Survival from breast cancer has improved substantially over the last 20 to 30 years due to earlier diagnosis and advances in treatment with adjuvant radiotherapy and chemotherapy. However, cardiotoxicity as a result of this therapy is now the leading cause of morbidity and mortality for survivors.1,2

Radiotherapy and anthracycline/trastuzumab-based chemotherapy regimens have been associated with increased risk of cardiovascular disease.3 Anthracycline-based regimens are associated with the dose-dependent risk of Type 1 cardiotoxicity and heart failure, while trastuzumab is generally associated with reversible Type 2 cardiotoxicity. However, permanent cardiac dysfunction can occur with both Type 1 and 2 cardiotoxicity, despite intervention.4 The risk of cancer therapy-related cardiac dysfunction (CTRCD) increases significantly when trastuzumab is combined with anthracyclines.5 Cardiac monitoring is required for patients receiving anthracycline/trastuzumab-based treatments, and currently, this relies on the serial assessment of left ventricular ejection fraction (LVEF). Each patient will have a baseline LVEF measurement, then serial LVEF assessment every 3 months during treatment. The European Society of Cardiology (ESC) guidelines consider a 10% point decrease of LVEF to below the lower limit of normal (< 50%) to be an indicator of cardiotoxicity and recommend treatment is altered or stopped to prevent further left ventricular (LV) dysfunction or the development of symptomatic heart failure.6

One potential limitation of the current guidelines is that LVEF decline is often a late phenomenon. Therefore, it would be useful if we can identify sub-clinical cardiac abnormalities and identify patients who are at higher risk before treatment starts.
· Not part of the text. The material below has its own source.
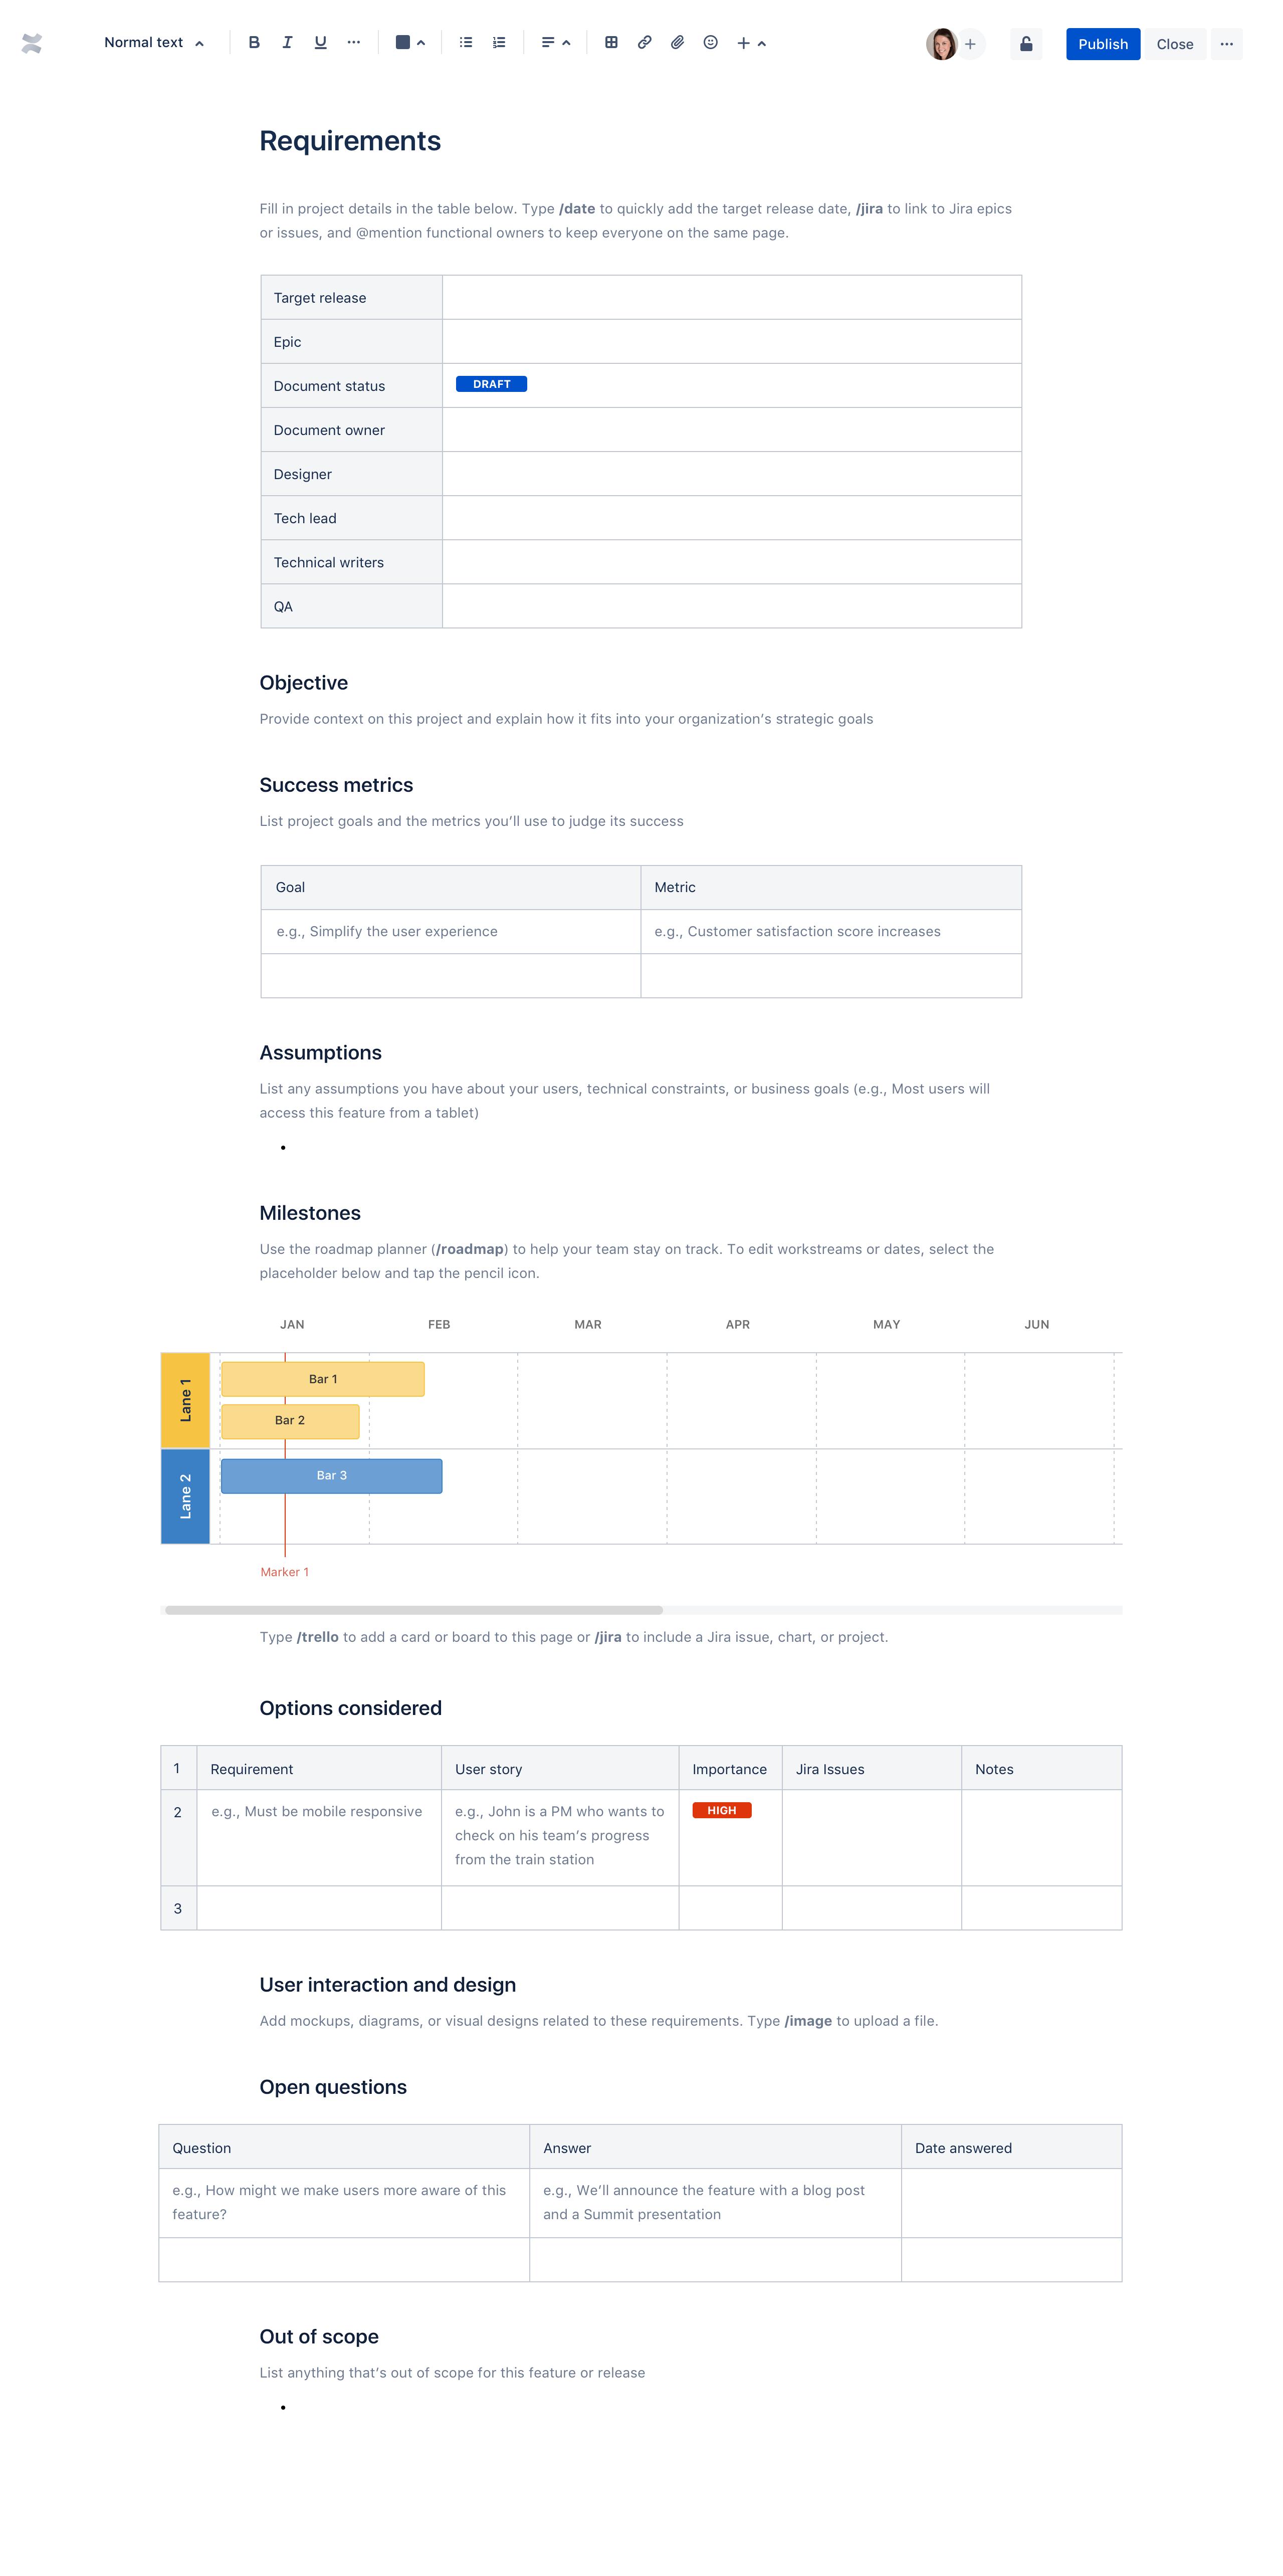 Шаблон документа с требованиями к продукту

Radionuclide ventriculography (RNVG), also commonly known as multi-gated acquisition study (MUGA) or cardiac blood pool imaging, is a well-established technique that can reproducibly measure ejection fraction and is commonly used to assess LV function in patients undergoing cardiotoxic cancer therapy. Echocardiography is also widely used to assess LVEF but is limited by operator variability and poor reproducibility of LVEF measurement, especially in patients post mastectomy who have had reconstructive surgery. LV dyssynchrony can be assessed with a number of imaging techniques. Recently, there has been increased interest in echocardiography deformation assessment with global longitudinal strain (GLS), as an early marker of LV dysfunction for chemotherapy patients.6

This work aims to determine if phase parameters applied to baseline RNVG phase images can measure sub-clinical contraction abnormalities prior to treatment to predict which patients are at a higher risk of CTRCD. At present, there are no published studies investigating RNVG phase parameters as a predictor of CTRCD.

RNVG Phase Images

Phase images, representing the timing of contraction, can be created from RNVG data to provide additional information on ventricular function.7,8 The timing of contraction, relative to the R wave of the ECG, is obtained from the time-activity curve for each pixel in the RNVG image to create a phase map; a higher phase angle indicates delayed contraction within the region. In a phase image with normal contraction, the pixels within the LV should all be a similar phase value, representing synchronous contraction. Regions of dyssynchronous contraction will appear as delays in the phase images/histograms. This is illustrated in Figure 1, where the phase for a patient with an aneurysm, left bundle branch block (LBBB), or myocardial infarction (MI) has a distinctly different phase pattern compared to a patient with normal contraction. This technique can also detect more subtle phase abnormalities. Phase data from RNVG images can be quantitatively assessed using the mean and the standard deviation of the phase histogram.

Figure 1
figure 1

Example images showing phase pattern and associated LV phase histogram for a a normal patient with similar phase values throughout the ventricles, b an MI patient with late phase values in the area of an apical MI, c a patient with left bundle branch block, where there is a gradual change in phase values across the LV, and d a patient with a large aneurysm where two distinctly separate segments within the LV are contracting at different times

Approximate Entropy

Various measures have been established to quantify dyssynchrony. Most parameters previously investigated are from first-order statistics calculated from the phase histogram such as phase standard deviation (SD). O’Connell et al. derived synchrony to describe the contraction of the left ventricle using the phase and amplitude data extracted from the region of interest, and entropy (from Shannon information measure9) as a measure of randomness of contraction within the ventricle.10 They demonstrated that synchrony and entropy were superior to phase SD for discriminating between normal and abnormal contraction.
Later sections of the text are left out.